§ **Data extract**

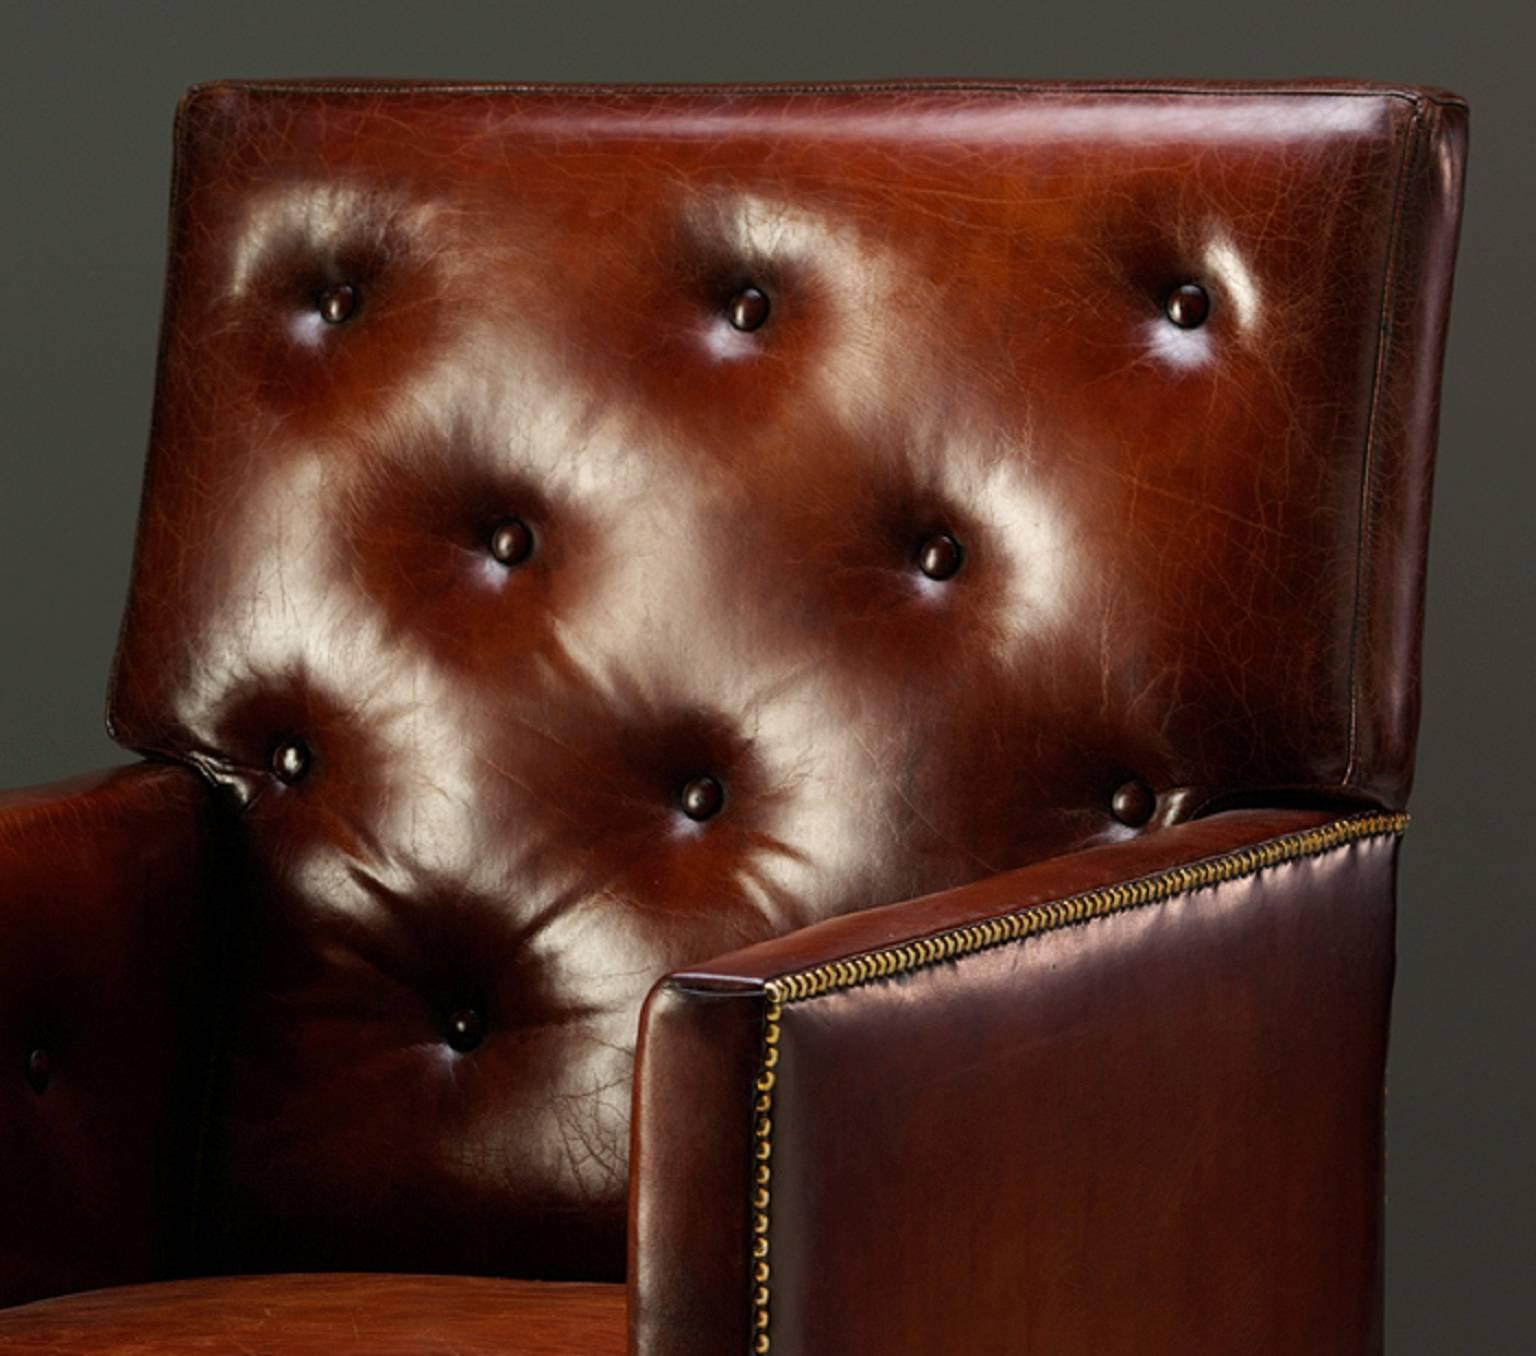 Une élégante chaise de bibliothèque en acajou de style George III, avec des roulettes en laiton. 

Le prix indiqué est pour une chaise tapissée dans le matériel du client. 

Représenté tapissé en cuir vieilli et teint à la main, ce qui coûterait 1
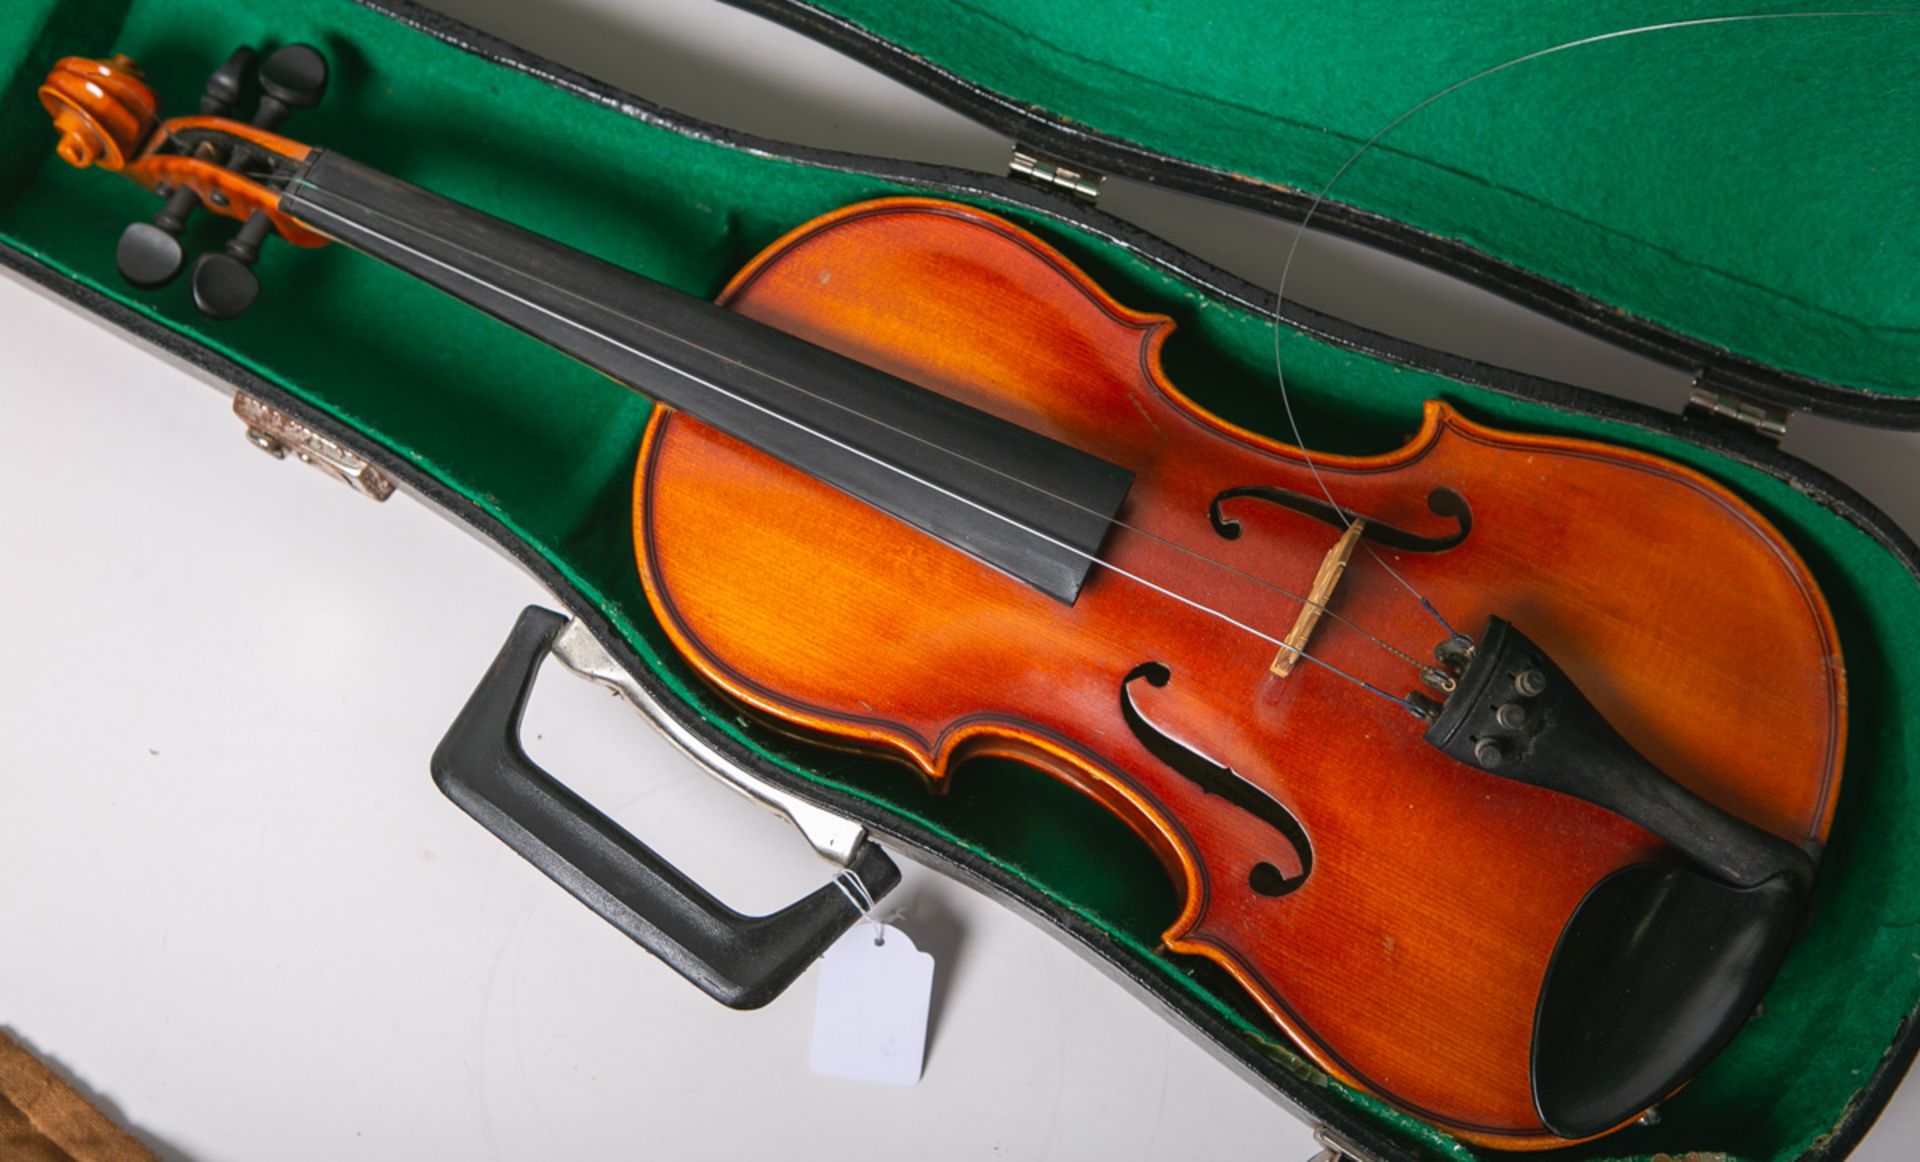 Violine (Gewa Maestro, Mittenwald Karwendel 1974) - Image 2 of 2

§ **Aim of the task**
Your answer must be the full listing, reproduced word for word, without its pictures.

§ **Response**
 Une élégante chaise de bibliothèque en acajou de style George III, avec des roulettes en laiton. 

Le prix indiqué est pour une chaise tapissée dans le matériel du client. 

Représenté tapissé en cuir vieilli et teint à la main, ce qui coûterait 1
 Violine (Gewa Maestro, Mittenwald Karwendel 1974) - Image 2 of 2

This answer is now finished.